Shading: Ambient + Directional + Fog
Once we have a hit color and a surface normal, the shading is straightforward. The final color is a combination of three components:
- Ambient: A small, constant light to ensure even dark areas are not pure black.
- Directional (Lambertian): Simulates a distant light source (like the sun). The brightness depends on the angle between the surface normal and the light direction.
- Fog: An exponential fog effect that blends the object's color with the background color based on its distance from the camera. This adds a great sense of depth and atmosphere.
let out_color = if let Some(hit) = trace_voxels(...) {
let base_color = hit.color;
let normal = hit.normal;
// Lambertian diffuse lighting
let lambert = 0.0_f32.max(normal.dot(-light_dir));
let diffuse_lighting = base_color * light_color * lambert;
// Add ambient term
let mut final_rgb = base_color * settings.ambient + diffuse_lighting;
// Apply optional fog
if settings.fog_density > 0.0 {
let fog_factor = 1.0 - (-settings.fog_density * hit.distance).exp();
final_rgb = lerp(final_rgb, background_color, fog_factor);
}
final_rgb
} else {
background_color
};
This simple combination is where the "different look" comes from. By using a soft ambient term, a warm directional light, and a touch of fog, the blocky world feels less like a game and more like a miniature, moody diorama.
Performance Notes
- Coherent Traversal: DDA is fast because it only touches the voxels that lie directly on the ray's path.

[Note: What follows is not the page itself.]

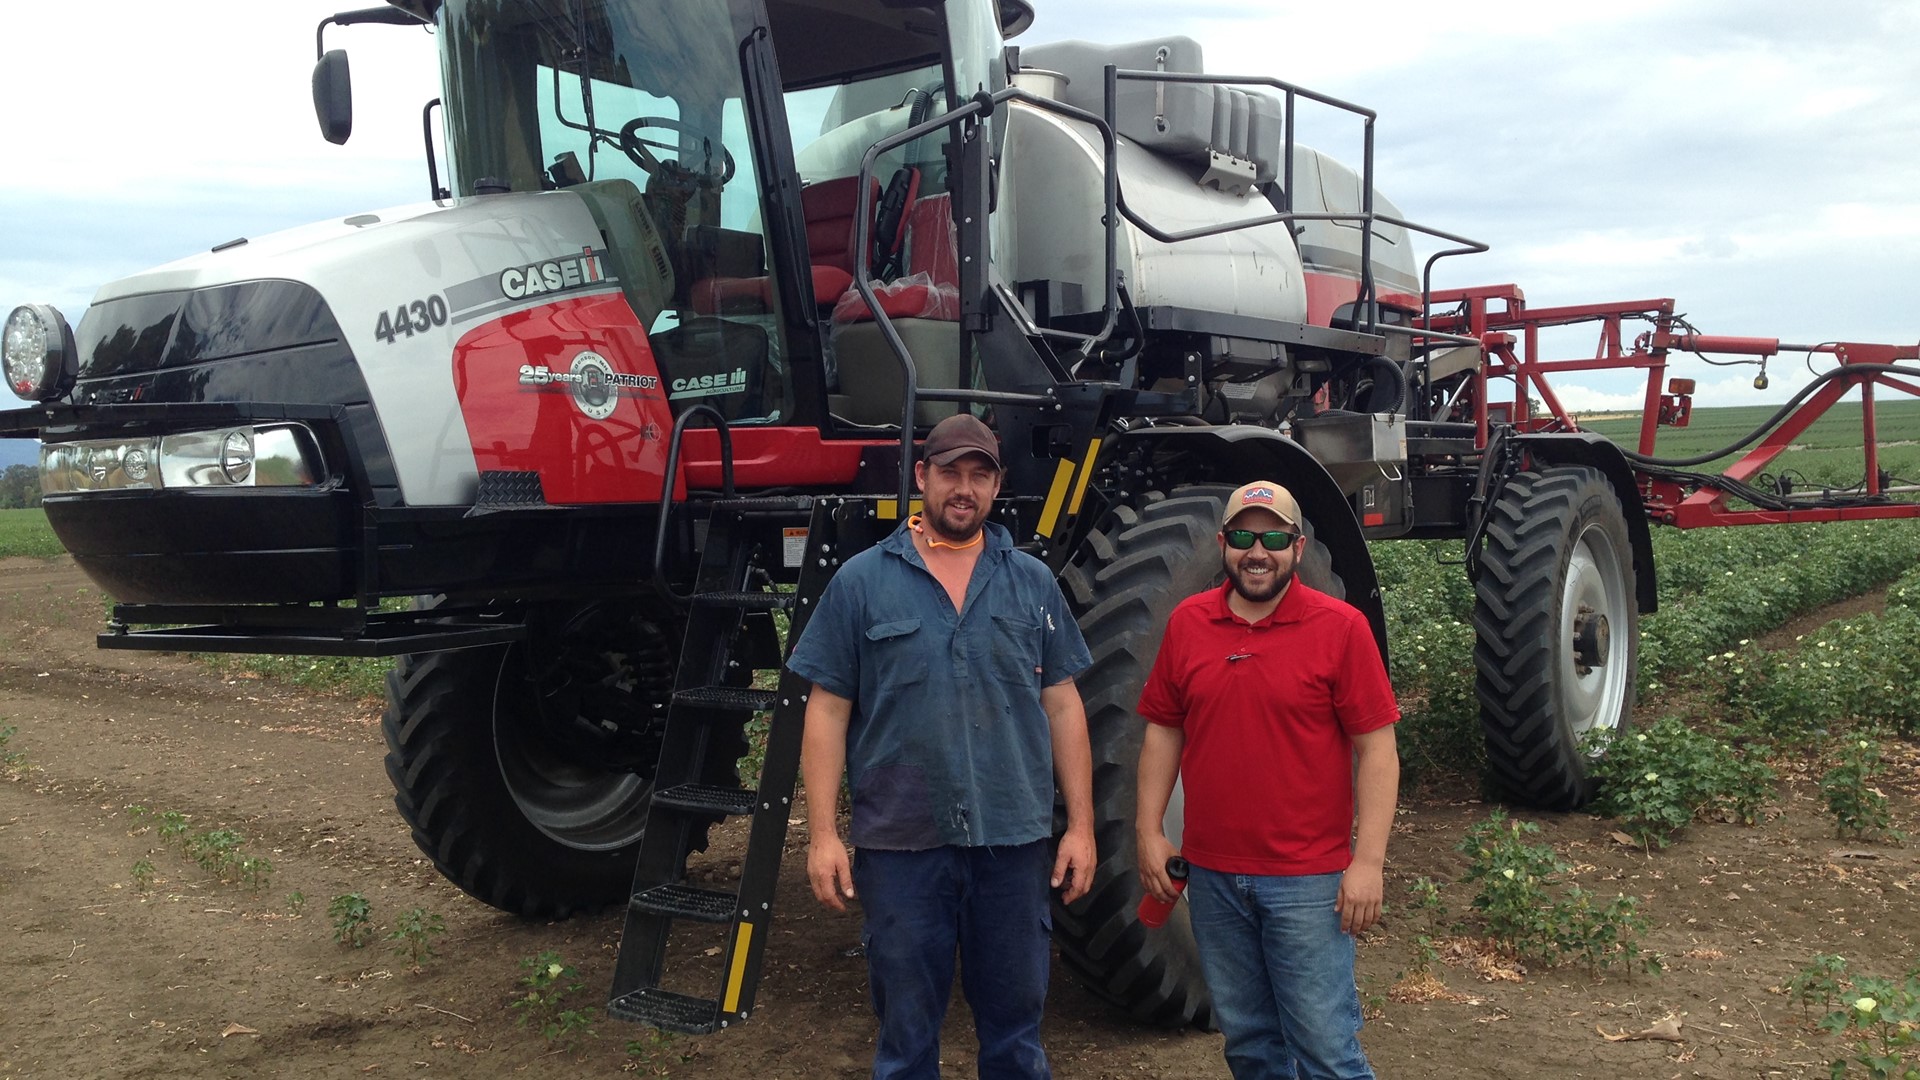 Case IH customer Andrew Lowien with a new special edition Patriot 4430 sprayer, Case IH Product Specialist Andrew Kissel

- Parallel Rendering: The renderer uses the Rayon crate to render rows of pixels in parallel, taking full advantage of modern multi-core CPUs.
Embracing the Limitations
This renderer has intentional constraints that define its aesthetic:
- Voxels are always axis-aligned. You can't have "angled" blocks. Rotating a shape simply changes which voxels in the grid are filled.

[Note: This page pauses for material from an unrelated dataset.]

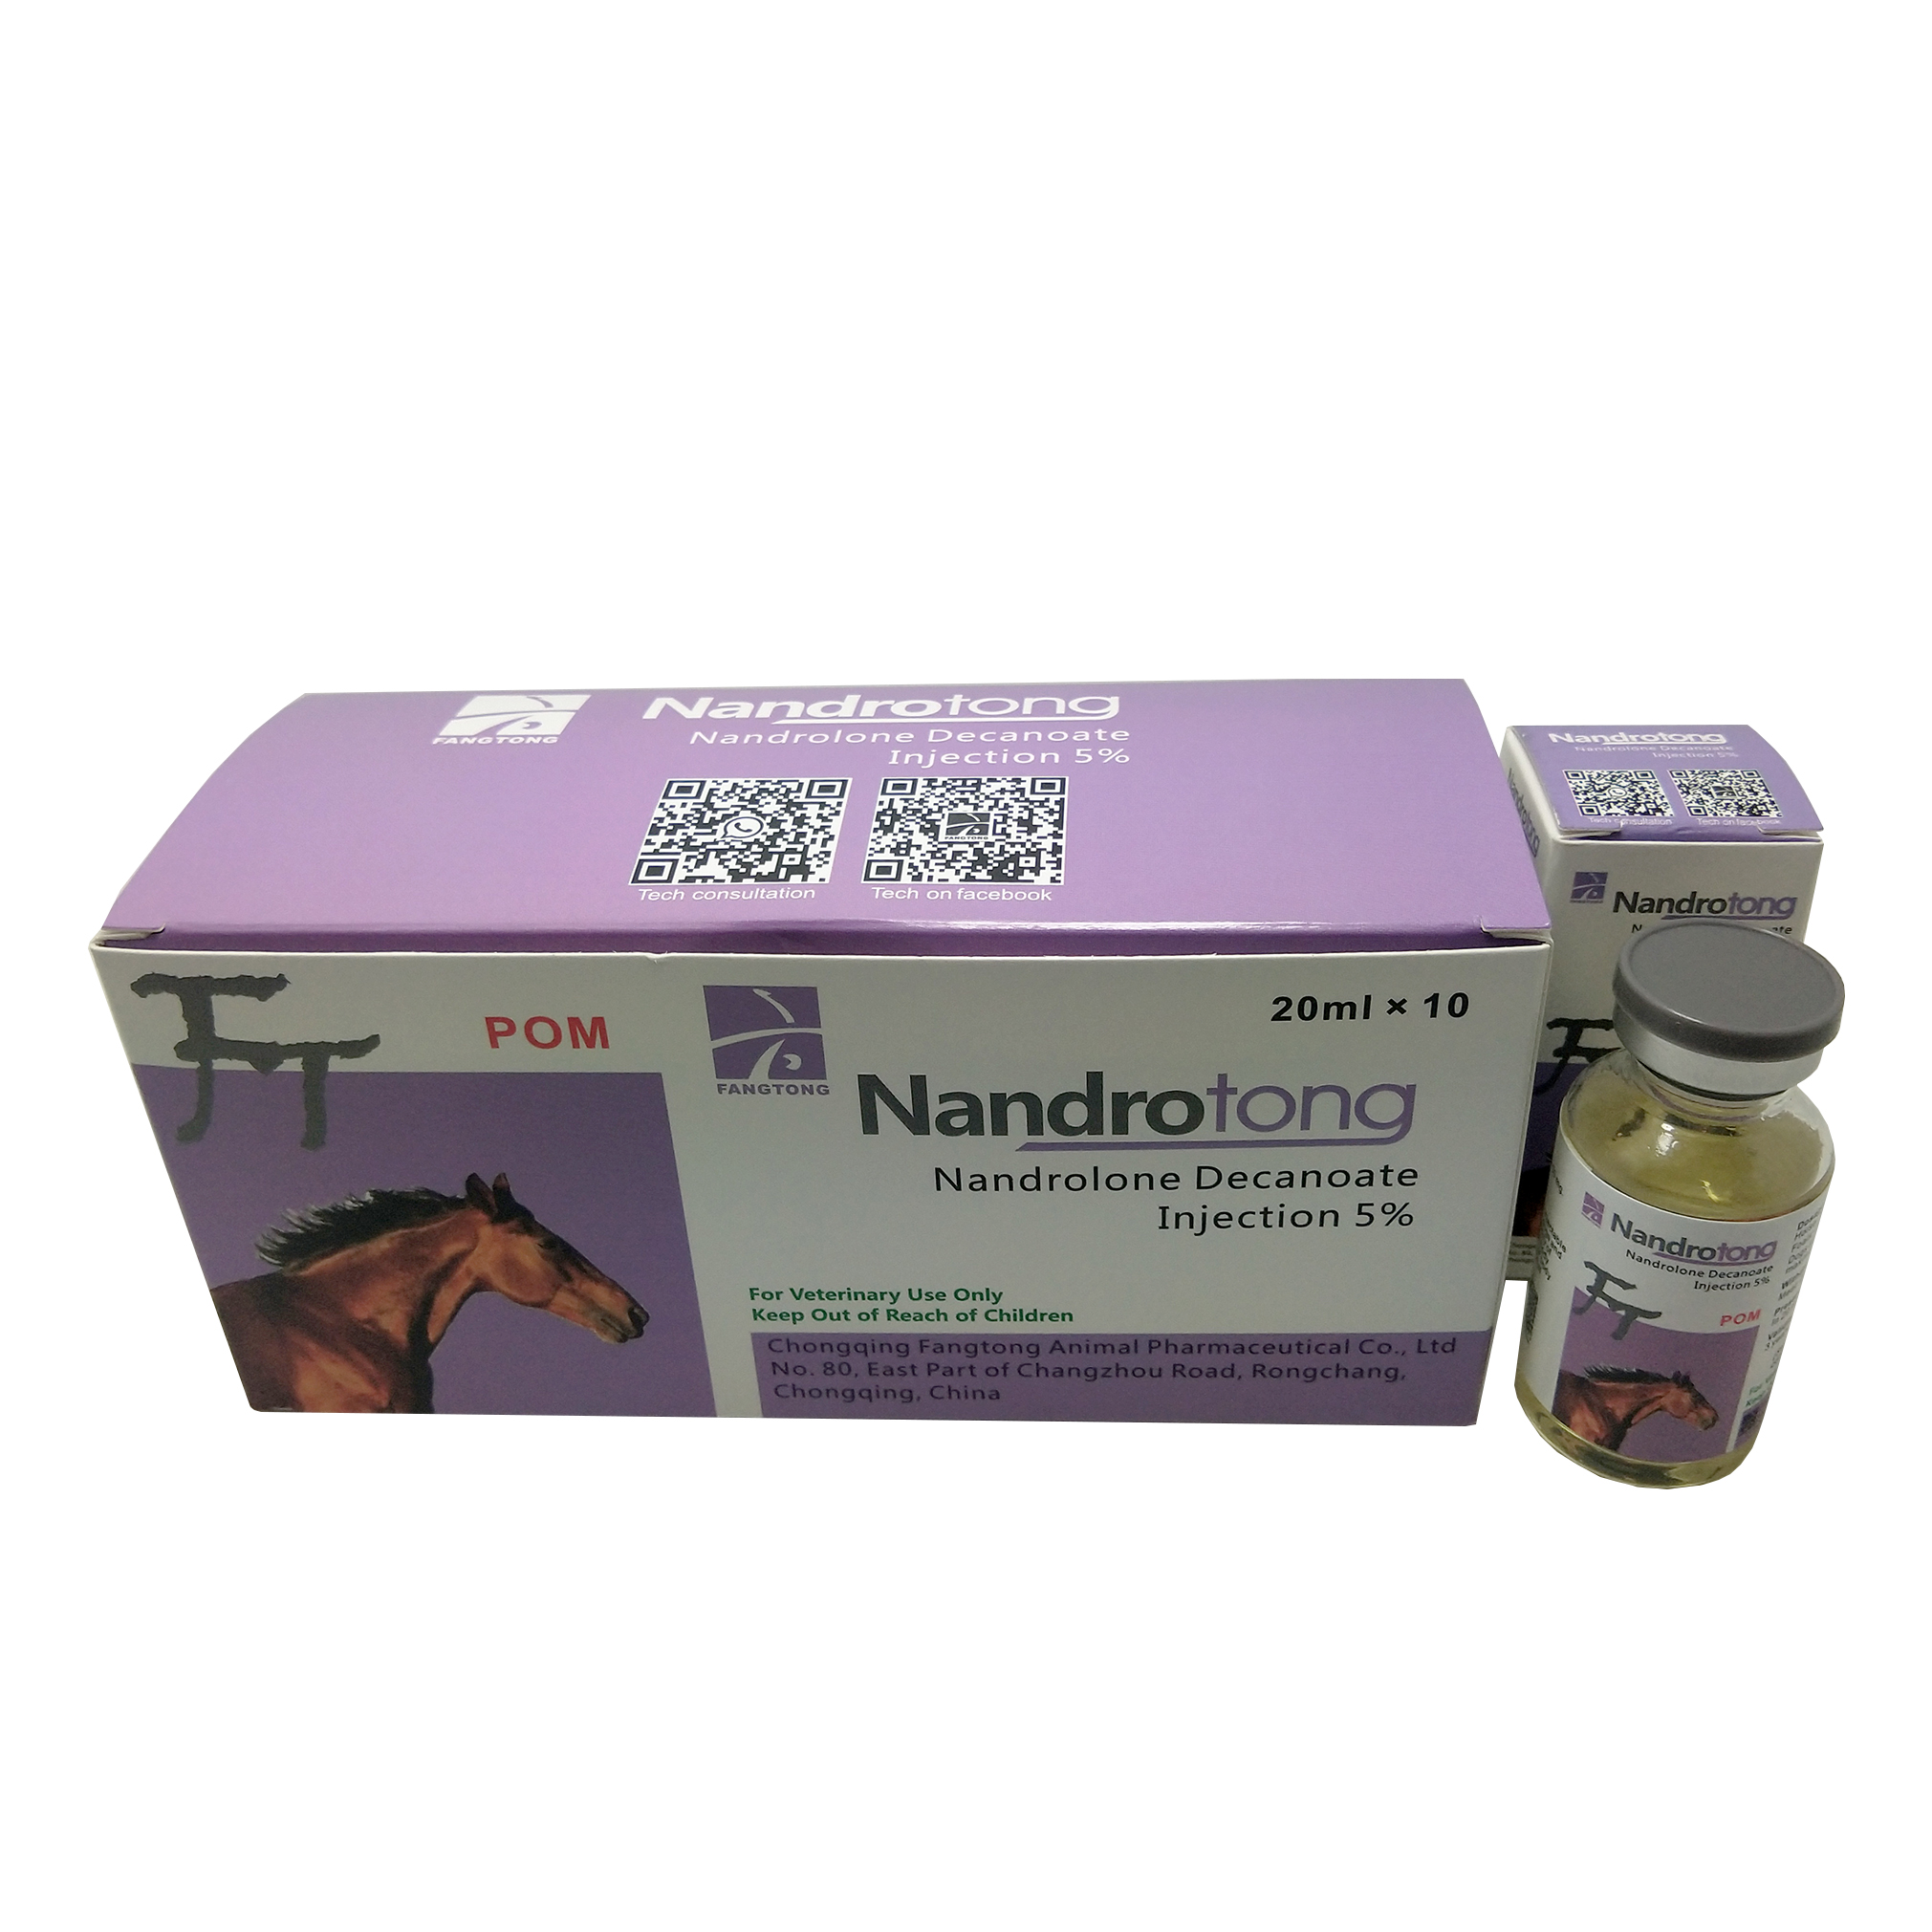 Nandrolone Decanoate Injection 5% Featured Image

- Normals are always axis-aligned. This is a direct result of the grid-based traversal and is key to the clean, blocky lighting response.
These aren't bugs; they're design choices that keep the code simple and the visual style consistent.
Closing Thoughts
What started as a fun reaction to my nephew's "everything blocky is Minecraft" comment became a wonderful exploration of a simple aesthetic. I leaned into the blockiness but used lighting to aim for something cozier and more atmospheric. The codebase is tiny and easy to modify, making it a great playground for new ideas.
I wonder what it would look like to turn these voxel graphics into 3d meshes bouncing around in a physics engine?